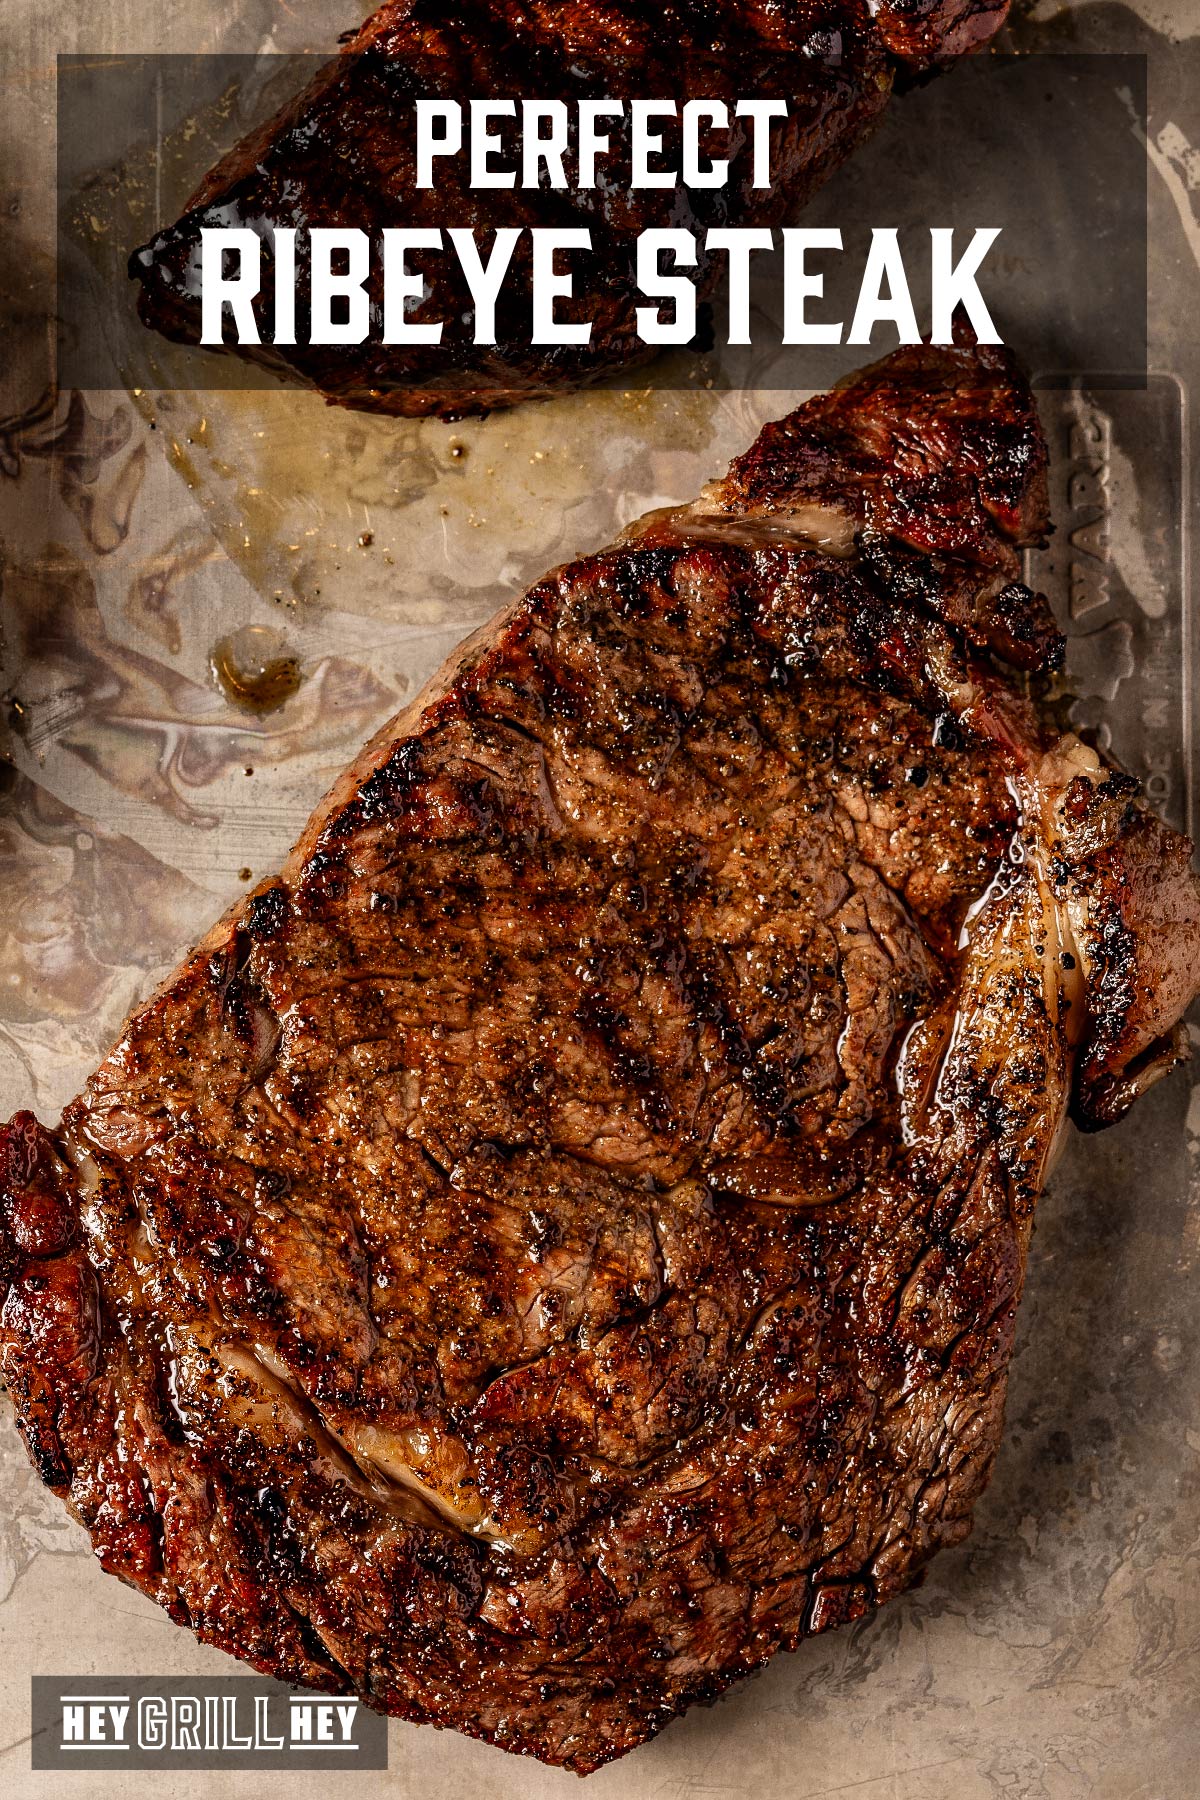 A grilled ribeye on a metal baking sheet. Text reads "Perfect Ribeye Steak".
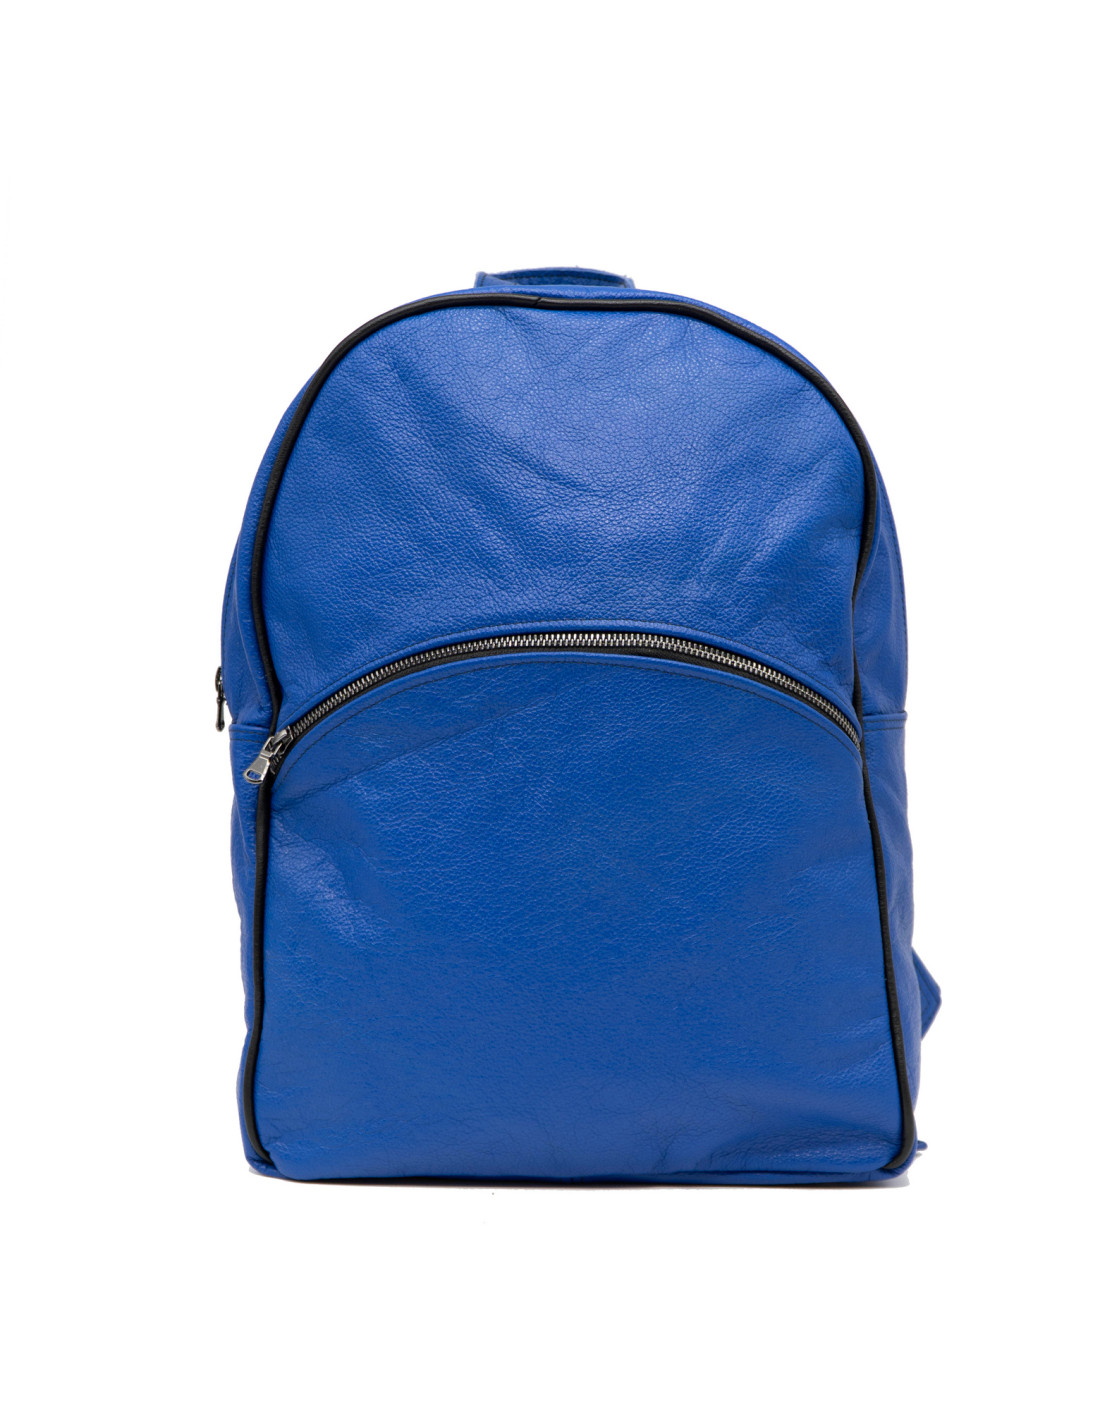 Lisbona - Backpack in Genuine Electric Blue Leather - LEATHER BACKPACKS ...
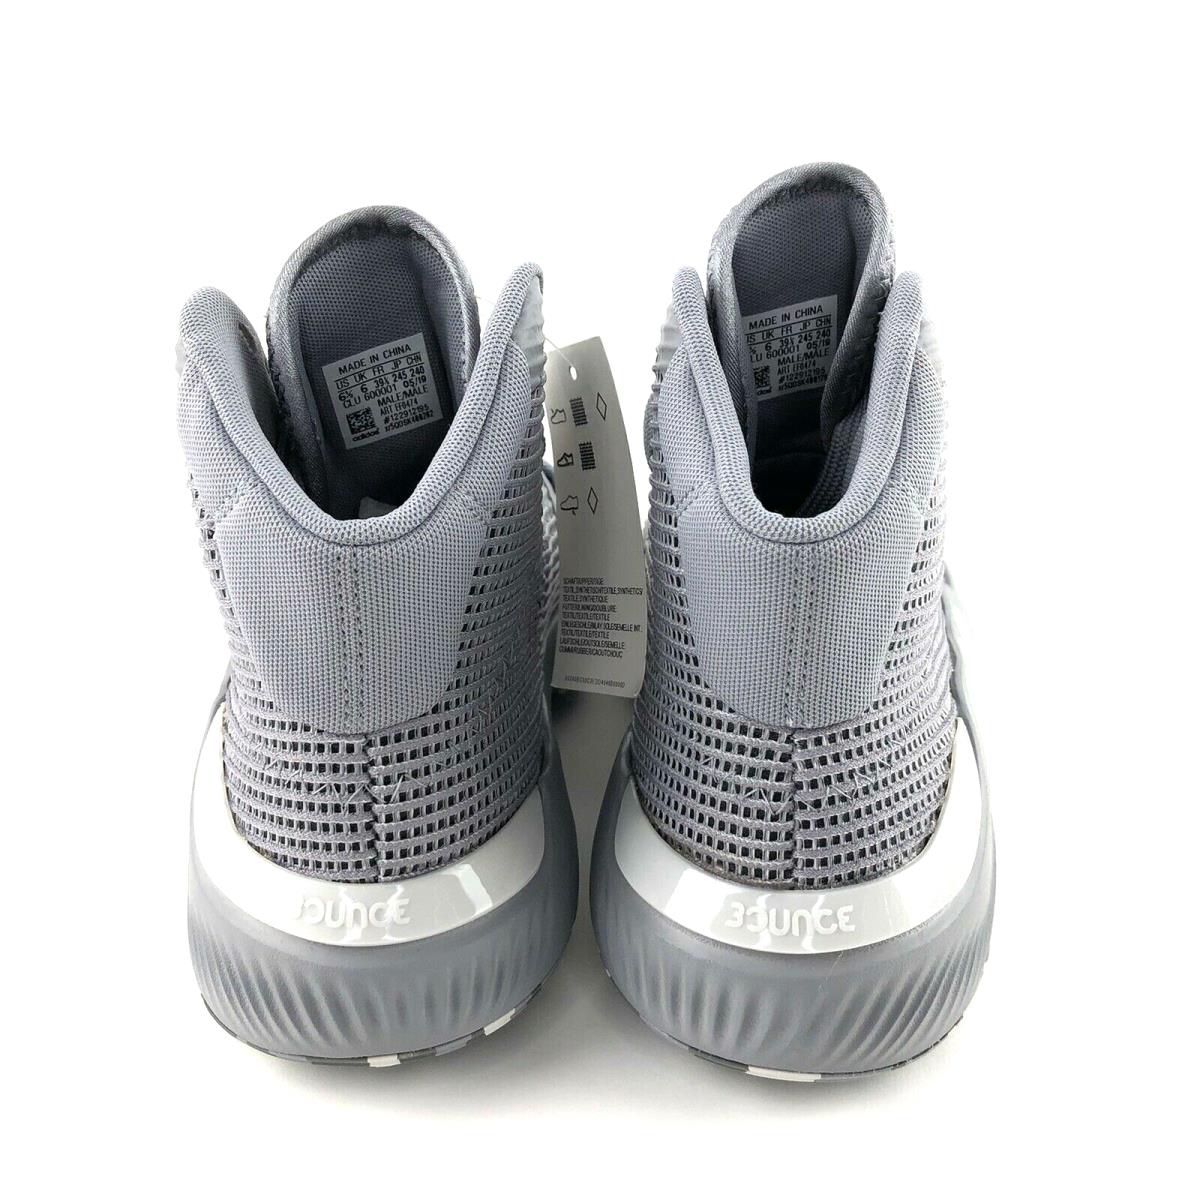 Adidas shoes Pro Bounce - Gray 4
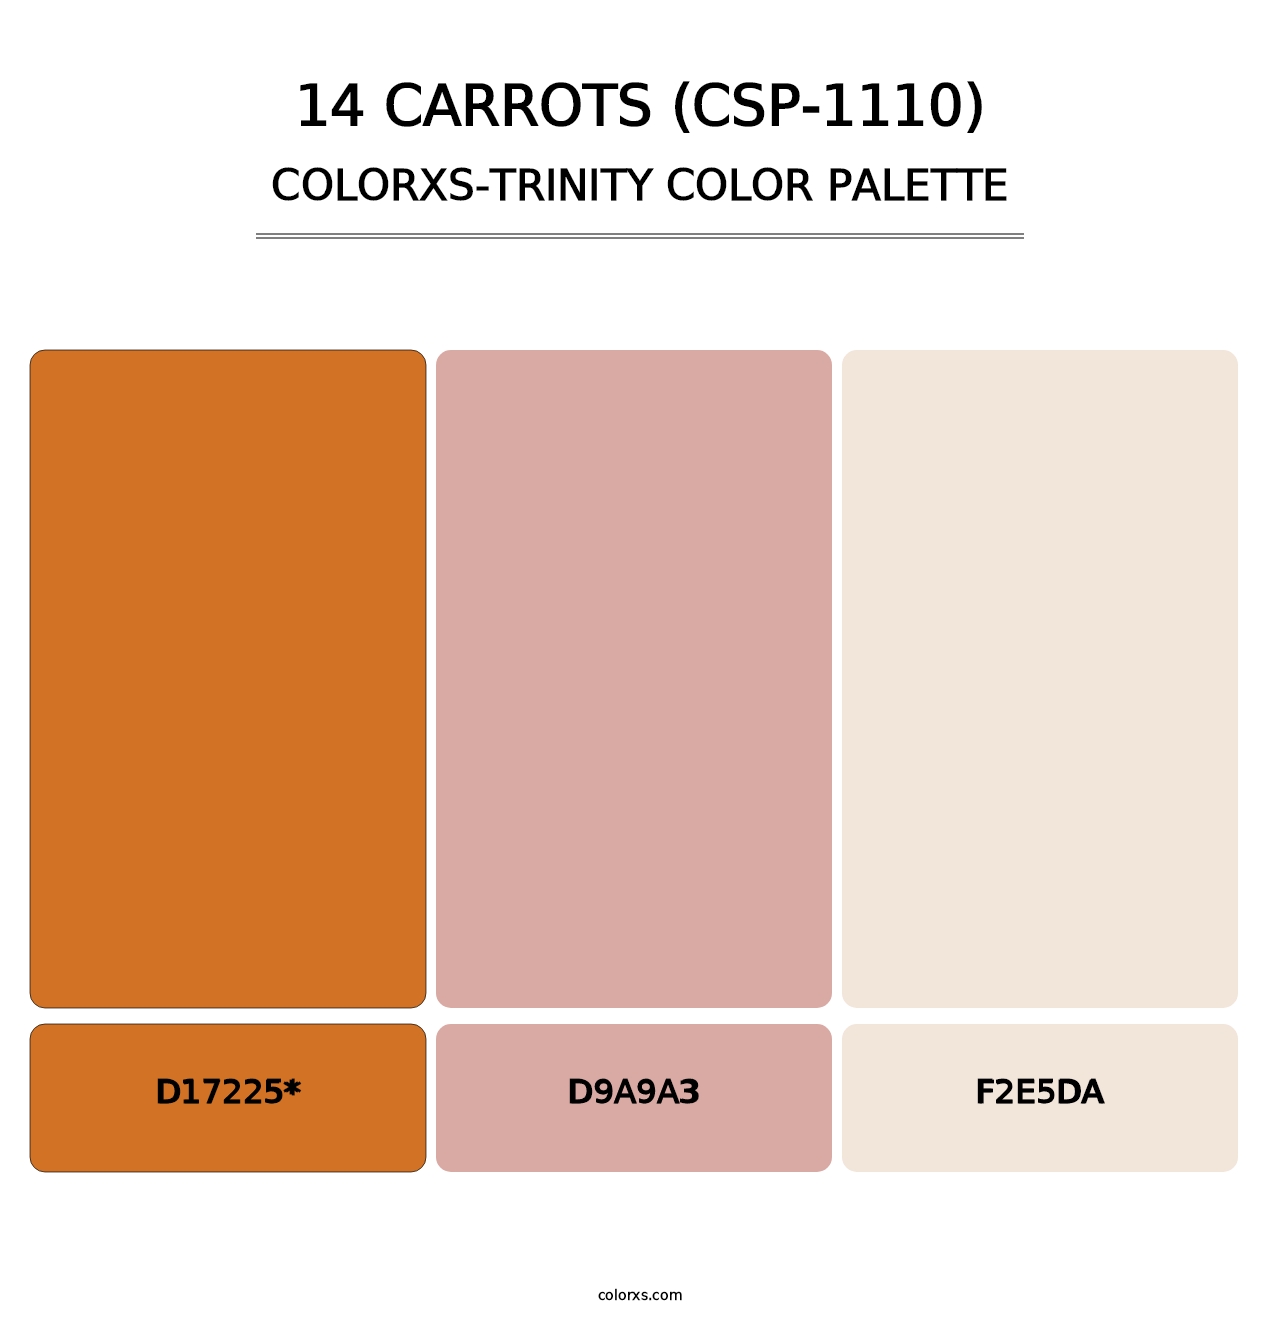 14 Carrots (CSP-1110) - Colorxs Trinity Palette

## WHAT YOU WILL DO
From the line that contains "Adidas shoes Pro Bounce - Gray 4" to the last line of the data, print each line exactly, both ends included, and omit the pictures.

## EXERCISE SOLUTION
 Adidas shoes Pro Bounce - Gray 4
 14 Carrots (CSP-1110) - Colorxs Trinity Palette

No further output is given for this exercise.